I'm apartment hunting today. I'm gonna settle on somewhere this week because I'm tired of looking and I wanna just be somewhere. I've narrowed my choices down to a two bedroom apartment in Leimert Park or a three bedroom house I looked at the other day in Windsor Hills. Wait, there was also that condo in Inglewood. If I were to purchase property it would be a condo. I was never that guy who mowed lawns and repaired shutters or needed a garage. I don't even have a car. I can't even drive. I grew up a home schooled, Beverly Hills rich kid. I'm twenty-three years old living off a trust fund. Thanks to my grandfather, I have more money than I'll ever spend in my lifetime. I'm Seth Baker, boy multimillionaire.
I hear your brains ticking. What am I doing down here? Why don't I just take my half white ass back up to Beverly Hills? My best friend, Brandon's been asking me the same thing. Well, recently ex best friend. A guy can only give his white friends a pass so many times before that guy and his passes become part of the problem.

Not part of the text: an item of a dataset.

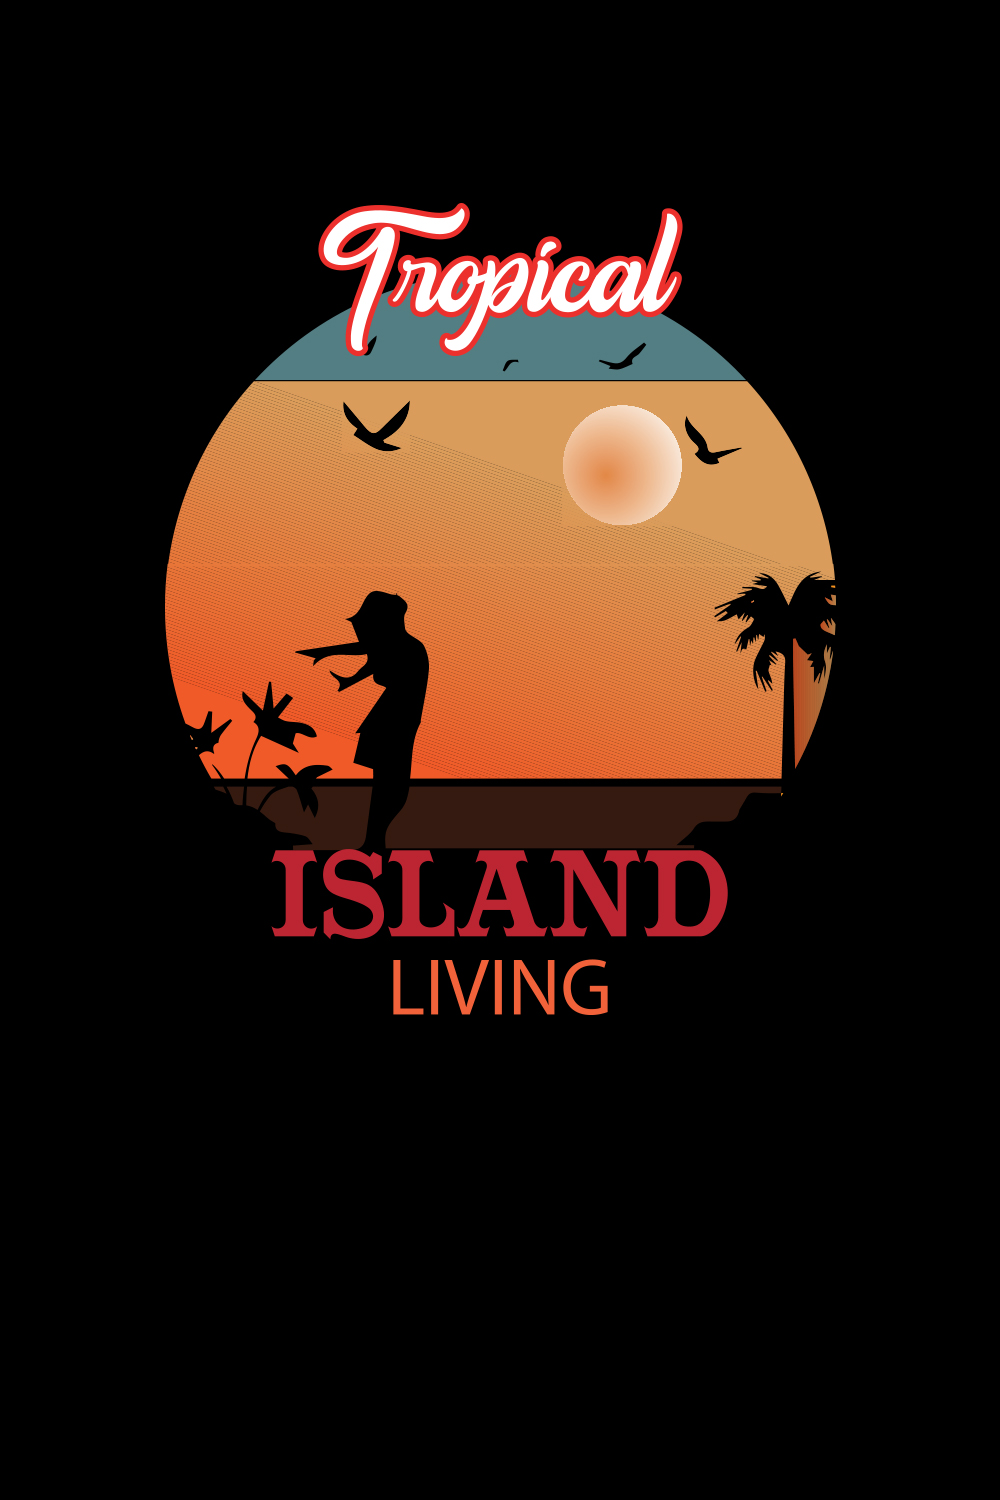 Tropical Island living pinterest preview image.

I was having dinner at Brandon's house last week when his dad goes in about "those thugs and terrorists in BLM." Then he keeps going on and on and on and "those people" this and "never satisfied" and "broken homes" that and he just would not fucking stop. It's like he was digging and digging daring me to say something. This prick is getting off on how uncomfortable he was making me until I finally just gave him what he was asking for. Fuck it. Brandon's mom, Penny said it was best if I left. Not like I wasn't leaving on my own. Then Brandon! Fucking asshole Brandon is sitting there all surprised like he didn't know his dad was a racist dick. We fucking talk about it all the time. He's always talking about how the next time he gets on one of his porch monkey rants he's gonna finally let him have it. That's what he called it too, "porch monkey rants." Said that like a million times and I let it go a million times because no way was my best friend like that. Was just saying some shit he heard his dad say. I know Brandon's deal though. His dad has been controlling him with money his whole life. He's my age and his dad's still telling him how to dress. They never raised him to be anything but their pet or they would disown him. Fucking assholes. Wanna know the worst part? I get home and Brandon sends me this long ass text about how I took it the wrong way and why was I was being all sensitive all of a sudden and I should be used to his dad talking like that because he's always been like that. Saying shit like I don't even know the black side of my family and that I was just a rich kid like him. Fuck him and his fucking family. Fuck Beverly Hills too.
My mom thinks I'm too young to move out and she doesn't think the neighborhoods I chose are safe for white boys. That's the problem. I ain't a boy. I ain't white either.